**EXERCISE PROMPT:**
From the first line of the entries below, reproduce everything exactly through the line with "Lucero Lashes &", and nothing more.
= Beginning of Section =
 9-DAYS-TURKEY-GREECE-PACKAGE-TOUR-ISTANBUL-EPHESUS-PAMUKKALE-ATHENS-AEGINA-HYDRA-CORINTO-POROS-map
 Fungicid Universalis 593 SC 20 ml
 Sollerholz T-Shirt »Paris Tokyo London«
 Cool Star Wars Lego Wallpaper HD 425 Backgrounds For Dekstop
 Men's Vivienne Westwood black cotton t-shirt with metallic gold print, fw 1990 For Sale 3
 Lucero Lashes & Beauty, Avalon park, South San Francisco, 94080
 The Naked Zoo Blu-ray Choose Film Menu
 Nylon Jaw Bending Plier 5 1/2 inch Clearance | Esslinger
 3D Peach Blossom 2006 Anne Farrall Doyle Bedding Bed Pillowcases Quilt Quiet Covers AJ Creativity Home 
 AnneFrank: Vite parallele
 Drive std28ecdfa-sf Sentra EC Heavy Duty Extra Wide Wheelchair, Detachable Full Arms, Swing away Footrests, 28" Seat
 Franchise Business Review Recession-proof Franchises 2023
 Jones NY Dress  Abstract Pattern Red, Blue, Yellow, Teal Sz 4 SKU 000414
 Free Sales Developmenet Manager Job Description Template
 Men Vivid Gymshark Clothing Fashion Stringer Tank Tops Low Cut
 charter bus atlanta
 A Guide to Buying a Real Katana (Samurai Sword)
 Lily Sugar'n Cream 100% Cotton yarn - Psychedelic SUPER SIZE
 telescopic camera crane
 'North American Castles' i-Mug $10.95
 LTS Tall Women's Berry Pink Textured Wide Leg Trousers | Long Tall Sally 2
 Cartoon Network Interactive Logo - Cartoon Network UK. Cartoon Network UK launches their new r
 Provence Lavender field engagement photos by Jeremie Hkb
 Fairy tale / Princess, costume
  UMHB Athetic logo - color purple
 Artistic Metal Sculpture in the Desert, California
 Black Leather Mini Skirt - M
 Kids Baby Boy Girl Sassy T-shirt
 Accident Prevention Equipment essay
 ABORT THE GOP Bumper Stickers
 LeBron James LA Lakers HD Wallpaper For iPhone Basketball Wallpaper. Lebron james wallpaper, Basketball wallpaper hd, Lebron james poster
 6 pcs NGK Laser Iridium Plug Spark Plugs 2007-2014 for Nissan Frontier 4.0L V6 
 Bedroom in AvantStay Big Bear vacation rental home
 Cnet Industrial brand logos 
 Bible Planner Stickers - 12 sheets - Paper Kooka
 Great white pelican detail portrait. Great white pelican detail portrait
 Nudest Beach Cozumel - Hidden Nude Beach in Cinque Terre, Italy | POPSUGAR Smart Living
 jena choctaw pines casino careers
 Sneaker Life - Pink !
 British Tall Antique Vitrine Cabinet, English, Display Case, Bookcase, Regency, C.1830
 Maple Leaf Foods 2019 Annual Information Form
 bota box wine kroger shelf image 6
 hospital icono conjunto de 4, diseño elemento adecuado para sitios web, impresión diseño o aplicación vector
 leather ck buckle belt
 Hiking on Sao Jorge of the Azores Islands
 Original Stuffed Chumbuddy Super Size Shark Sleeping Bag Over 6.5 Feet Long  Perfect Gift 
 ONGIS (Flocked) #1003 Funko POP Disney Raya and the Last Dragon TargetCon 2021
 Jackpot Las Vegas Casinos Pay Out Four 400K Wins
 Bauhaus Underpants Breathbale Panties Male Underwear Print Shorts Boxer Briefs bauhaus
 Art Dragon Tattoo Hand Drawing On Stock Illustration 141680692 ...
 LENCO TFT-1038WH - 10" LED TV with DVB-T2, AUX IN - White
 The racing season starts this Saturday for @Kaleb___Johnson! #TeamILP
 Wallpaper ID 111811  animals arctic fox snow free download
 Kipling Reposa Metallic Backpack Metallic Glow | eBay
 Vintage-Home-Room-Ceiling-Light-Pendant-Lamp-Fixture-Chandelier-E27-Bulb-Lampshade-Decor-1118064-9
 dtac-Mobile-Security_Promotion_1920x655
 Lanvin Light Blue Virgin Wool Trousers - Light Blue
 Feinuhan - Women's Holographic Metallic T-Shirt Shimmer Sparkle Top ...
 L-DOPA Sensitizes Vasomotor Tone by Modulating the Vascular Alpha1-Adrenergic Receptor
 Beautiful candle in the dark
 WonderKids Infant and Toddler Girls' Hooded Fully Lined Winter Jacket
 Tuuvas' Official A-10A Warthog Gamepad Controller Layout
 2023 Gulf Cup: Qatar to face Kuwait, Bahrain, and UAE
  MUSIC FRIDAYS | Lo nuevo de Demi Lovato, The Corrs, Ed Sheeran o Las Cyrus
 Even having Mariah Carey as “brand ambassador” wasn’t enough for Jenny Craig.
= End of Section =
**TASK SOLUTION:**
 9-DAYS-TURKEY-GREECE-PACKAGE-TOUR-ISTANBUL-EPHESUS-PAMUKKALE-ATHENS-AEGINA-HYDRA-CORINTO-POROS-map
 Fungicid Universalis 593 SC 20 ml
 Sollerholz T-Shirt »Paris Tokyo London«
 Cool Star Wars Lego Wallpaper HD 425 Backgrounds For Dekstop
 Men's Vivienne Westwood black cotton t-shirt with metallic gold print, fw 1990 For Sale 3
 Lucero Lashes & Beauty, Avalon park, South San Francisco, 94080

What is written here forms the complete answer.